* ABOUT THIS TASK
What you write must match, character for character, the lines from the one with "International Horse Trials Kelsall Hill" down to the one with "Ball Pint 16" in the listing below, minus its pictures.

* GIVEN RECORDS

+---+

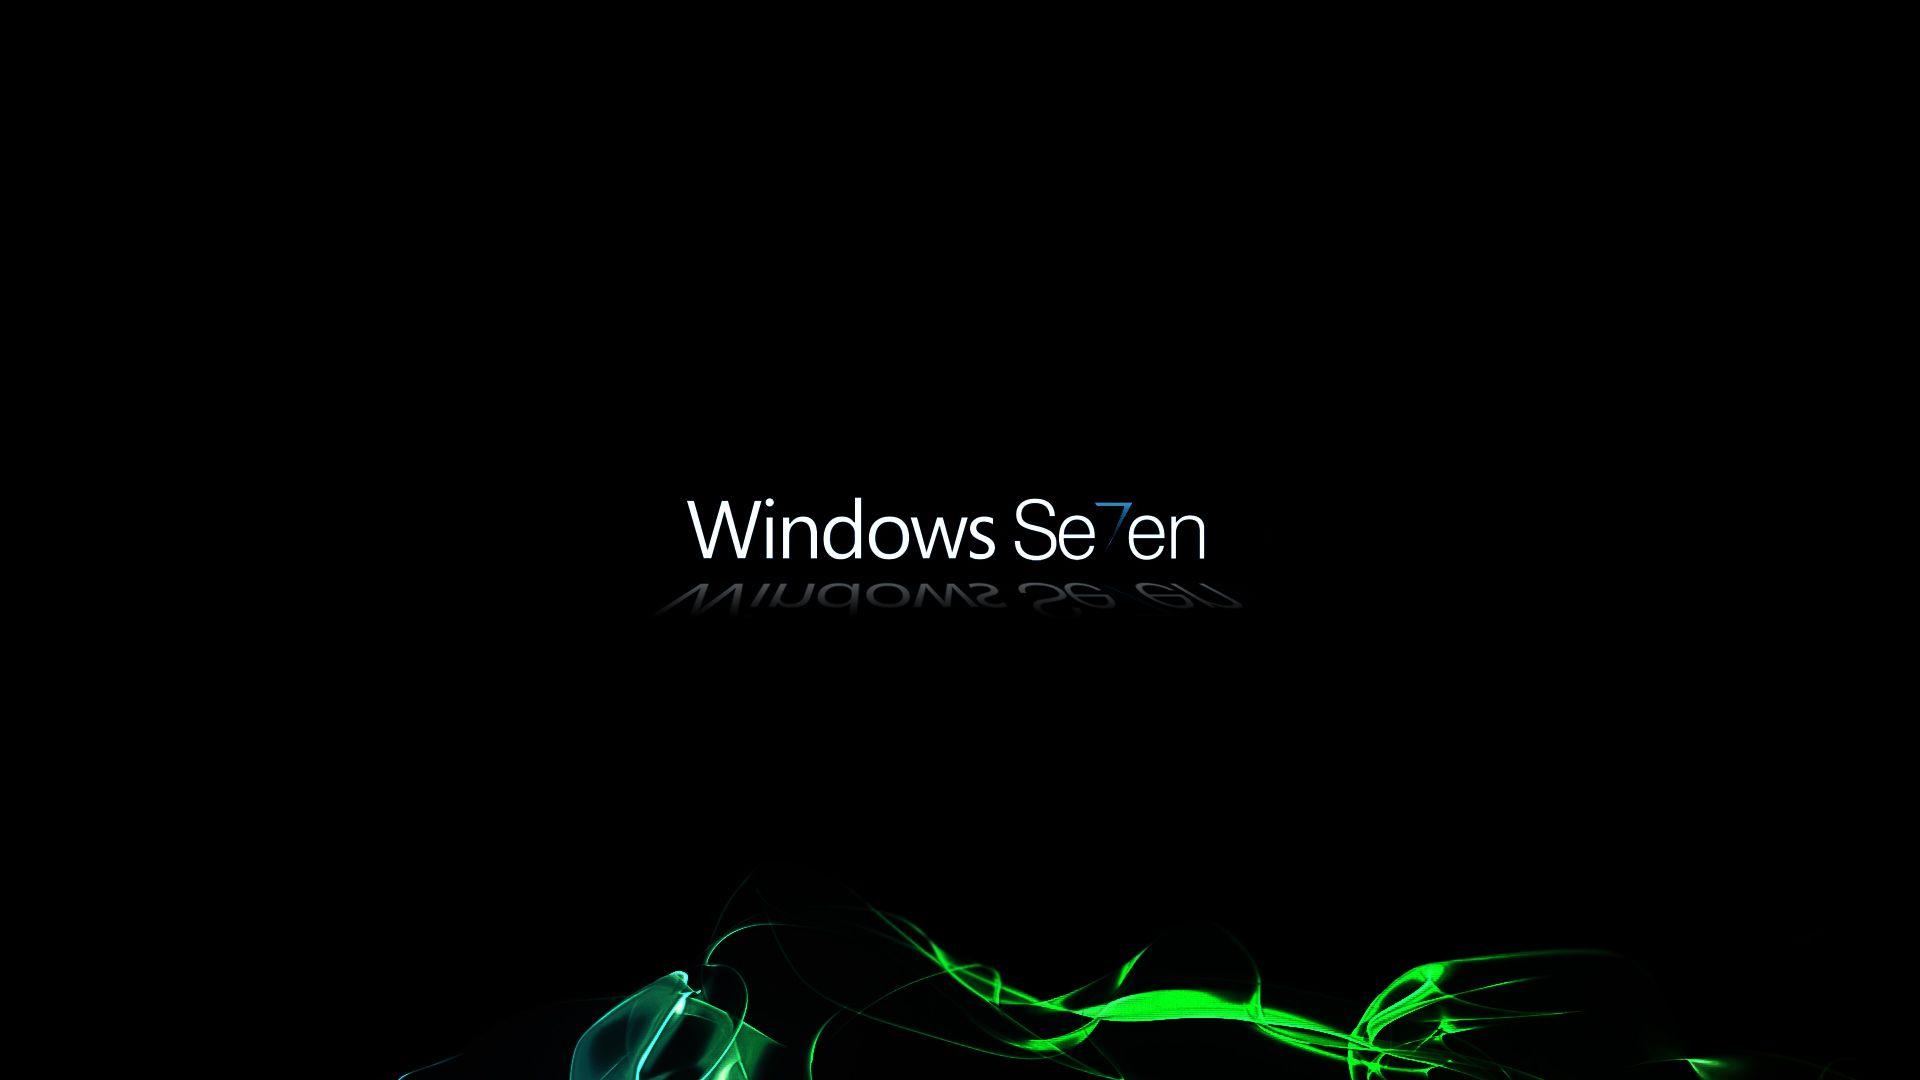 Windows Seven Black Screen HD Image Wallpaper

+---+

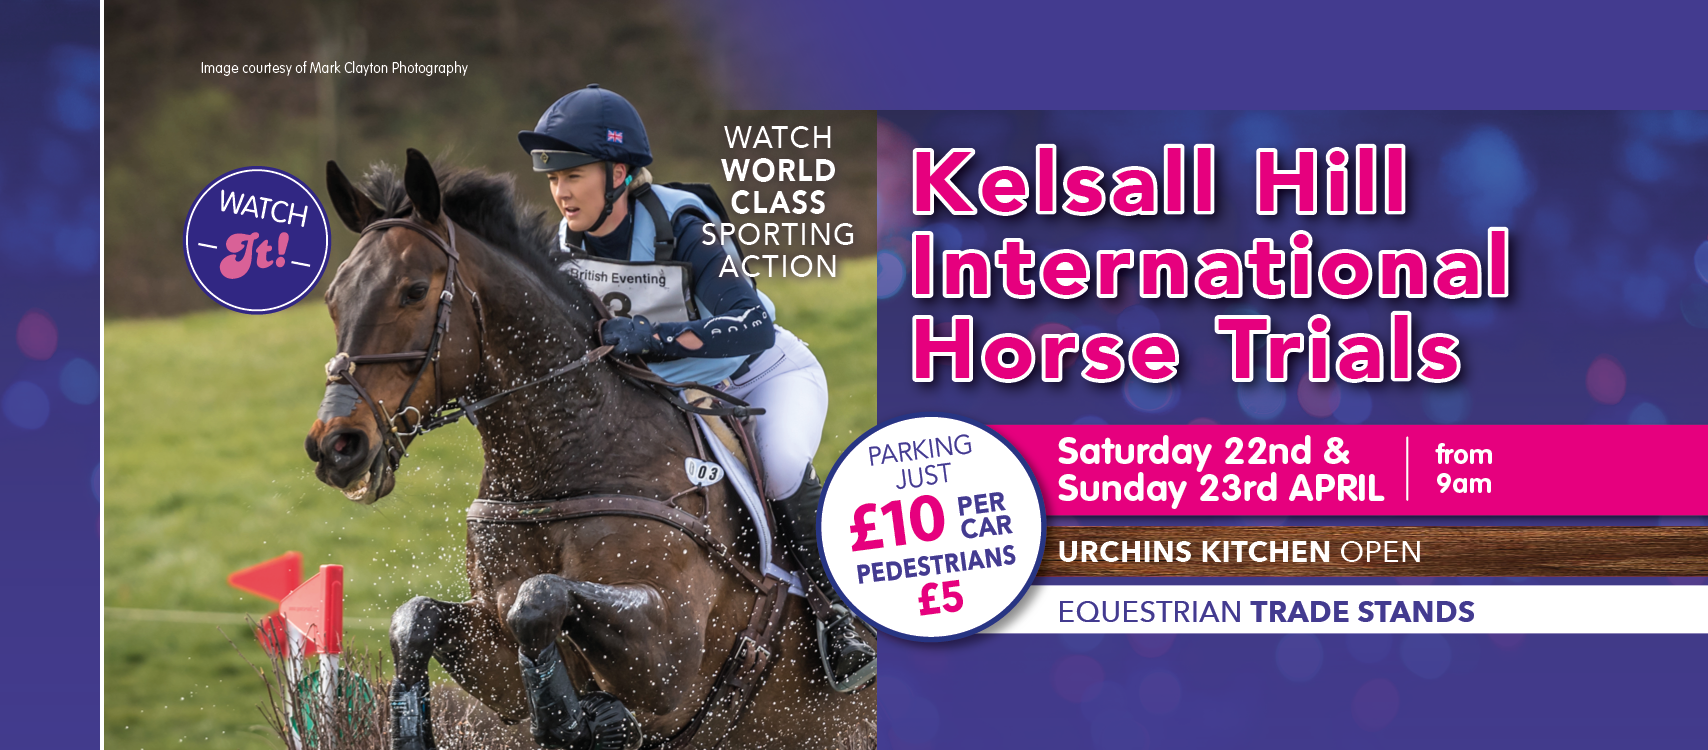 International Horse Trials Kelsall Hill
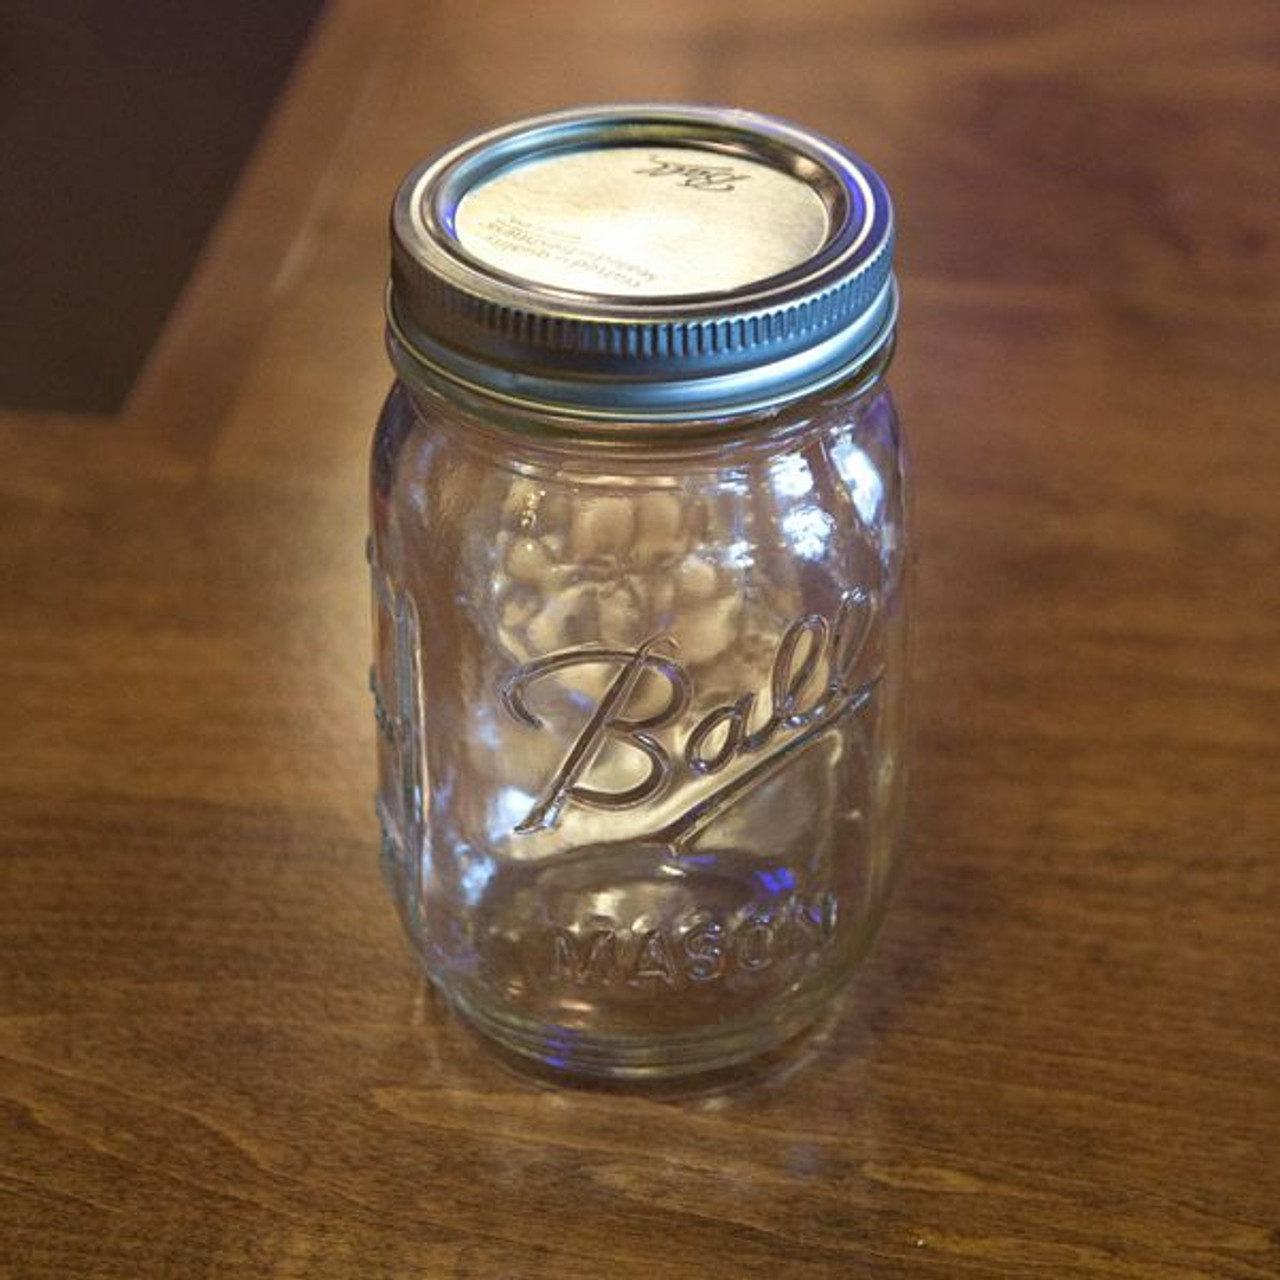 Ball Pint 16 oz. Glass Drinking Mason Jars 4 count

+---+

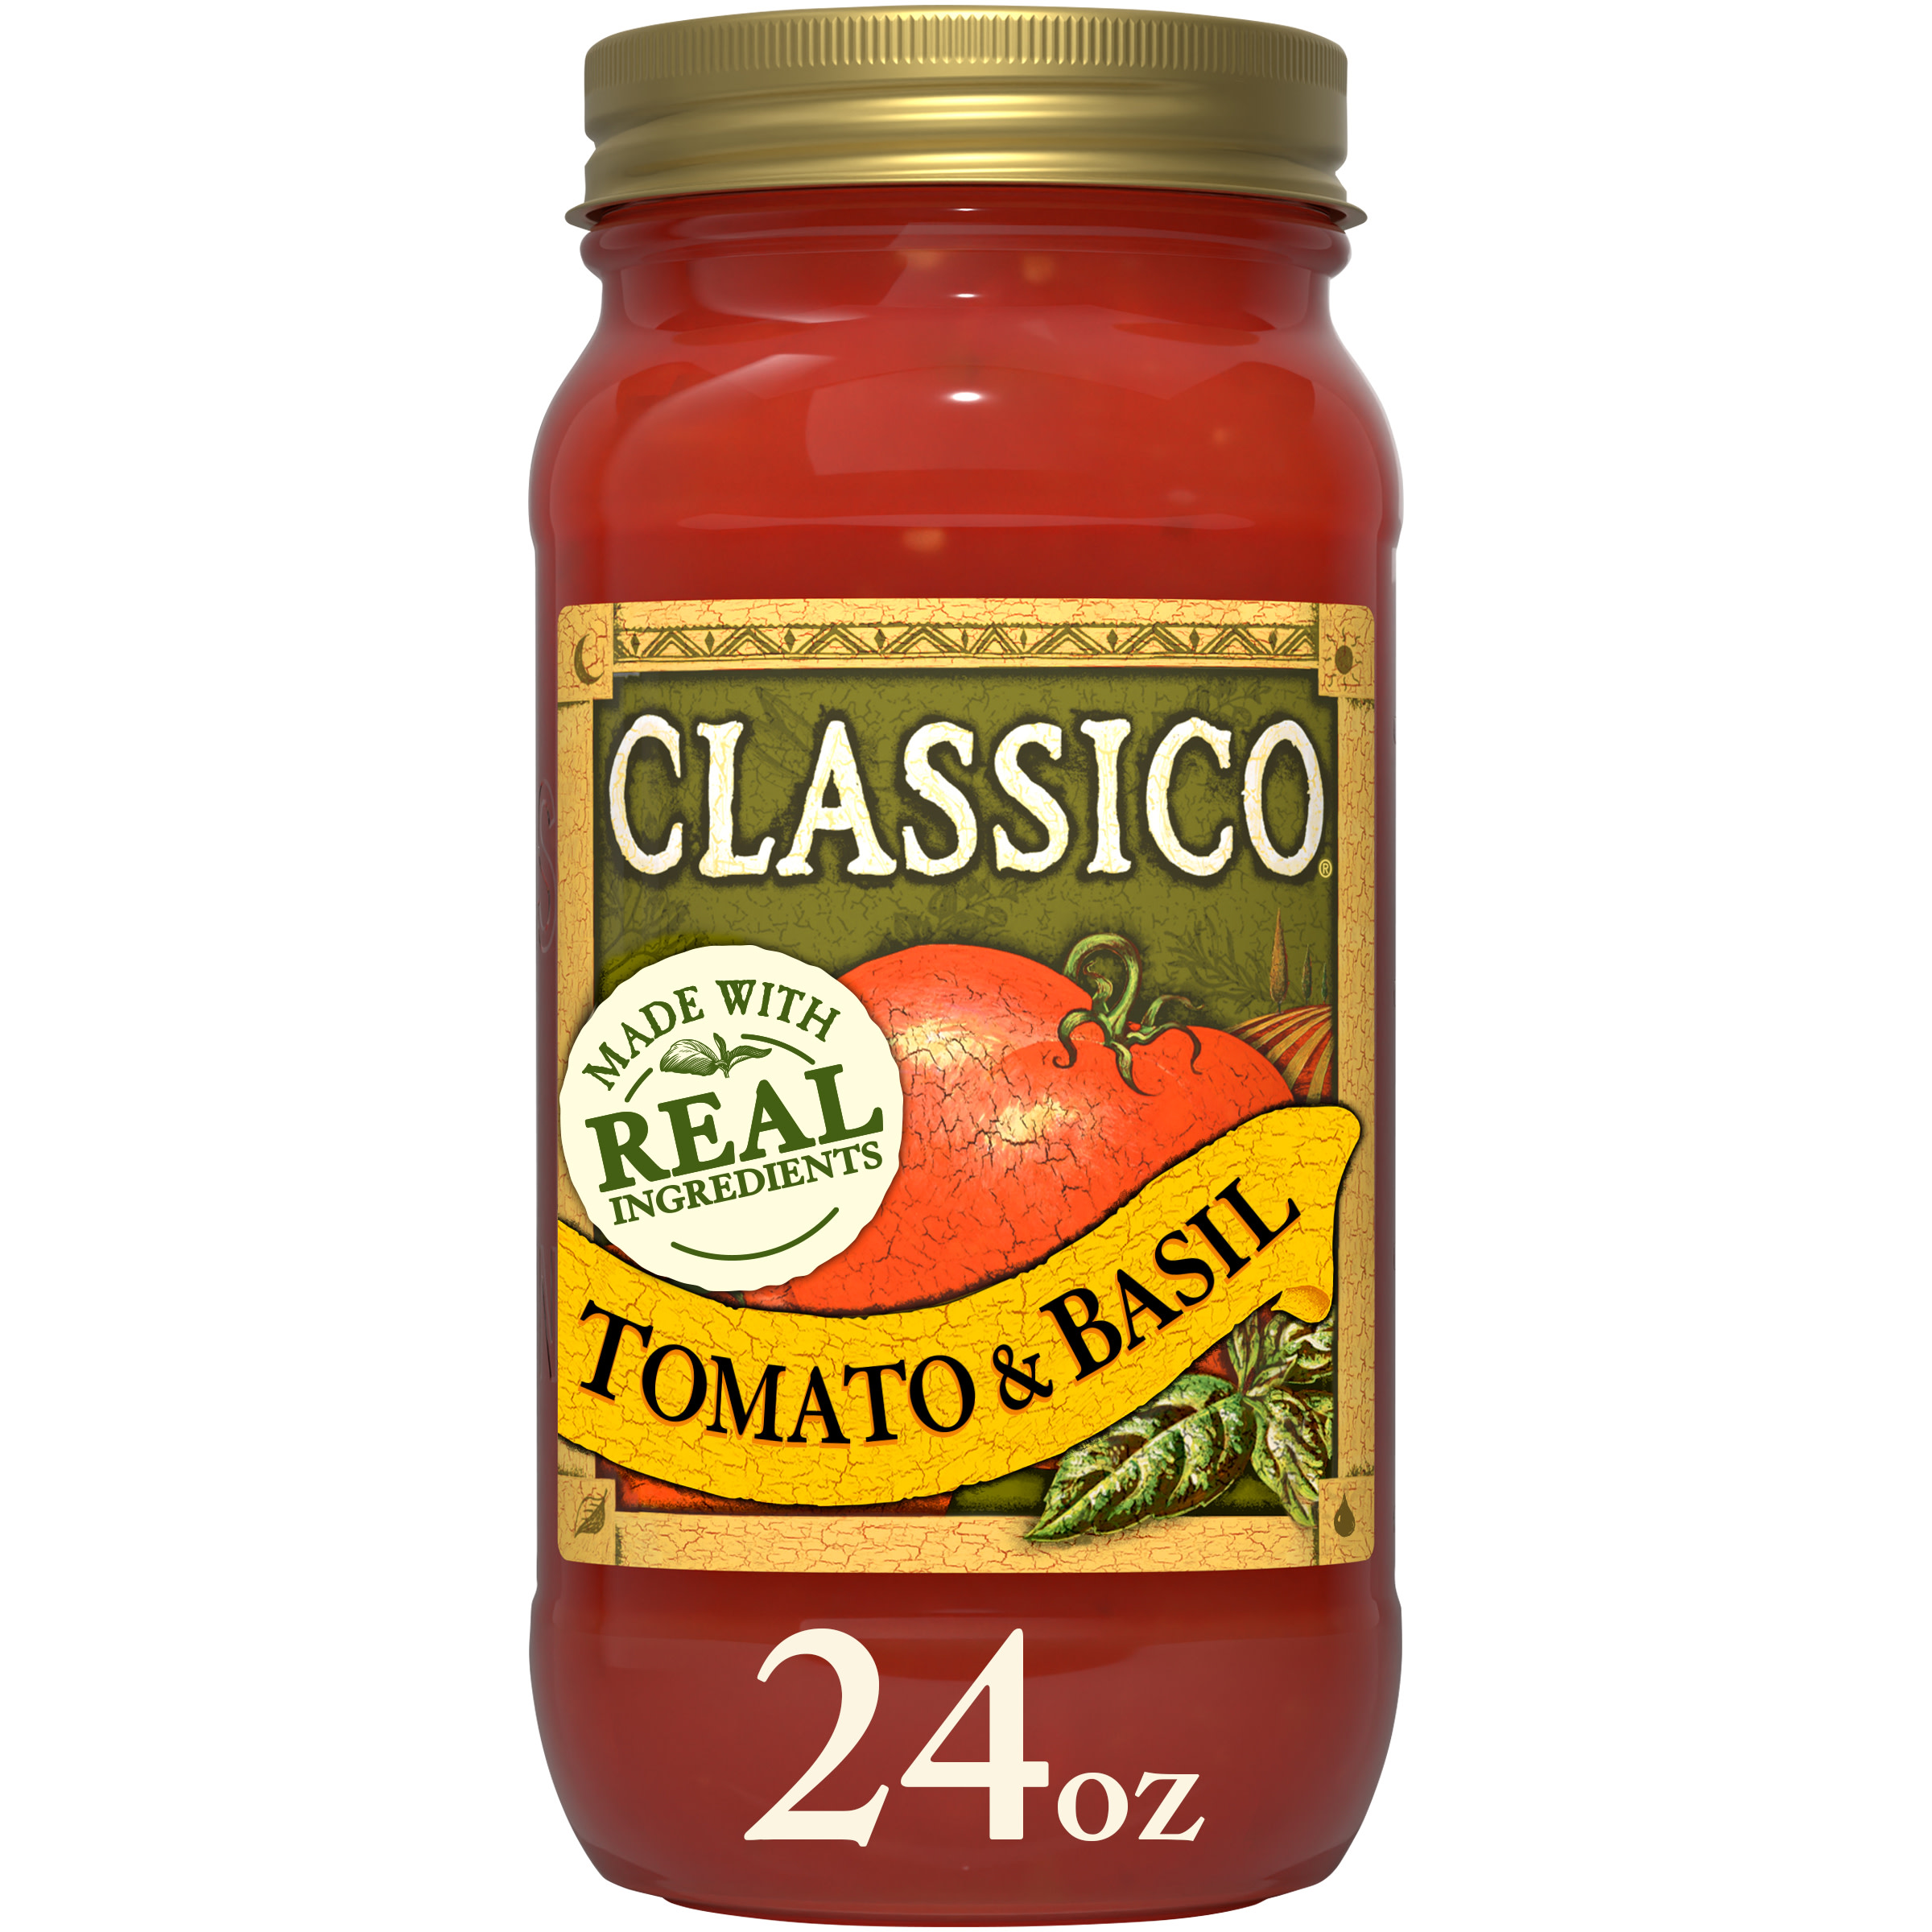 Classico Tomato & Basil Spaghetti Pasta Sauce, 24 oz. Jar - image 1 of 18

+---+

* OUTPUT FOR THIS TASK
 International Horse Trials Kelsall Hill
 Ball Pint 16 oz. Glass Drinking Mason Jars 4 count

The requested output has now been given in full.